4. Can meso compounds have unever chiral centers? A problem in the Berkley review orgo set seemed to suggest a 5 carbon sugar that was the configuration R, R, S and R,S,S for carbons 2,3, and 4 respectively were meso regardless of the configuration of the middle carbon (carbon 3). I always thought I learned that meso compounds have to have an even number of chiral centers.
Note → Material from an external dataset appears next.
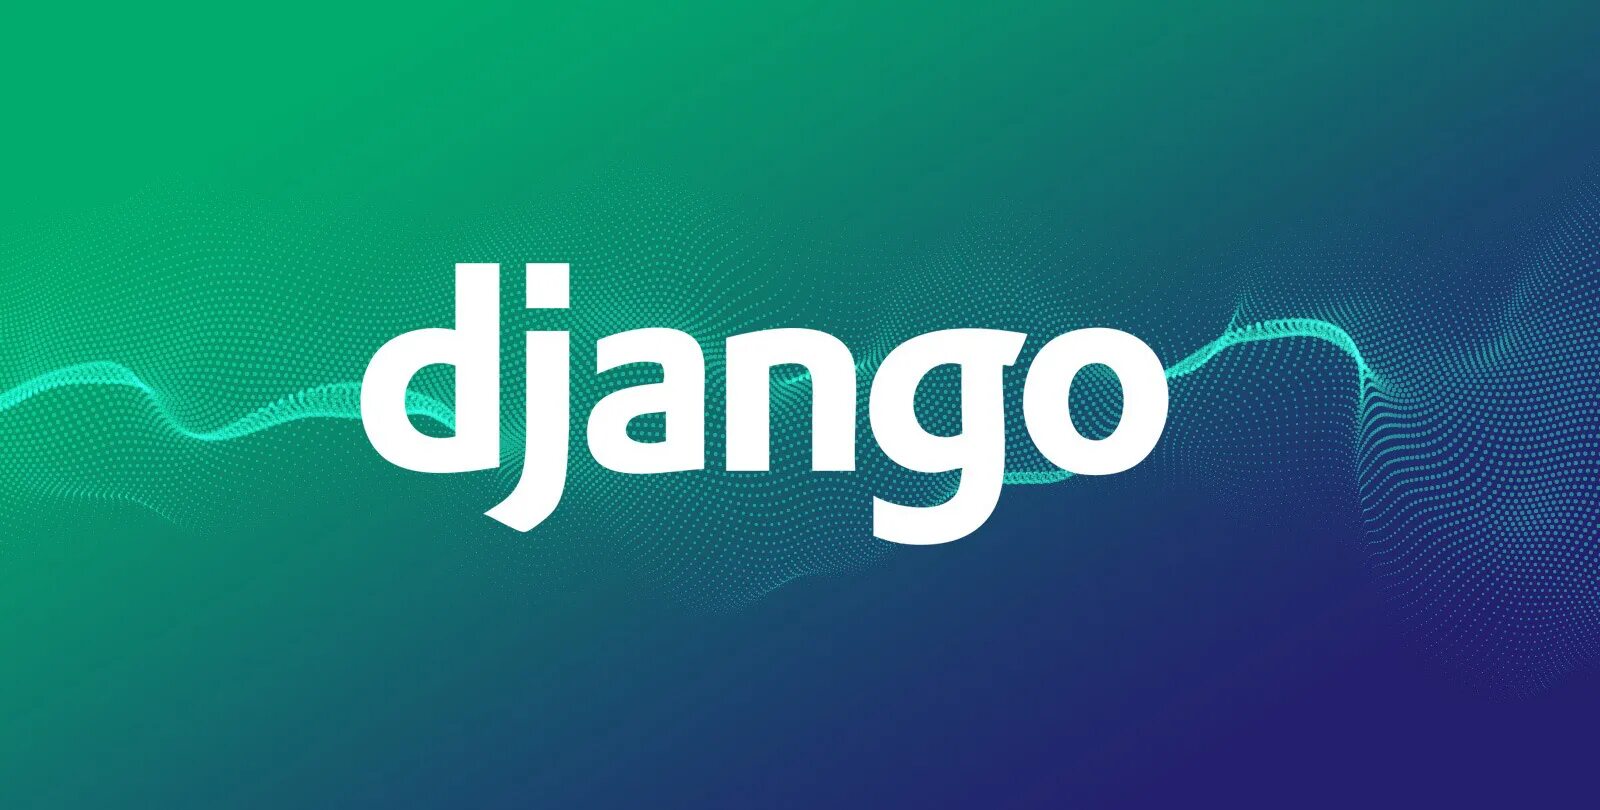 Django unique. Django фреймворк. Django логотип. Django питон. Python-фреймворк Django.

I appreciate any response even if it doesn't answer all the questions!

 

[monkeyvokes]

2. For compounds with aromatic rings attached (ex: Diphenylmethanol - methanol with two benzene rings attached) - in this case, if the OH were protonated and acted as a leaving group resulting in a carbocation, will the rings make the C+ more stable? I'm confused because in compounds like phenol (benzene with OH directly attached), the aromatic ring draws electron density from the OH making the bond weaker and more acidic. Based on that logic, I would think that the rings in diphenylmethanol would draw more electron density away from the C+ making it MORE positive and unstable but my books says it will stabilize it.

for phenol, one of the lone pairs on oxygen can resonate into the ring. Thus, electron density is taken away from oxygen and the positive proton is less likely to stick around.
--Removing electron density from an acidic proton increases its acidity.

for the phenylic carbocation, you have a source of electrons to stabilize the formation of a positive charge. If electron density is delocalized around a positive charge, then the positive charge isn't so unfavorable.
--Adding electron density to a carbocation stabilizes it (same principle for why tertiary is favorable over primary)

 

[monkeyvokes]

1. For sugars and amino acids, does the D configuration always mean that the compound rotates light clockwise? (I know D doesn't always signify the R stereochemistry but I'm just confused about the correlation of +/- rotation and D/L configuration)

Correct me if I'm wrong, but I don't believe there is any optic correlation to S, R, D, or L

 

[monkeyvokes]

4. Can meso compounds have unever chiral centers? A problem in the Berkley review orgo set seemed to suggest a 5 carbon sugar that was the configuration R, R, S and R,S,S for carbons 2,3, and 4 respectively were meso regardless of the configuration of the middle carbon (carbon 3). I always thought I learned that meso compounds have to have an even number of chiral centers.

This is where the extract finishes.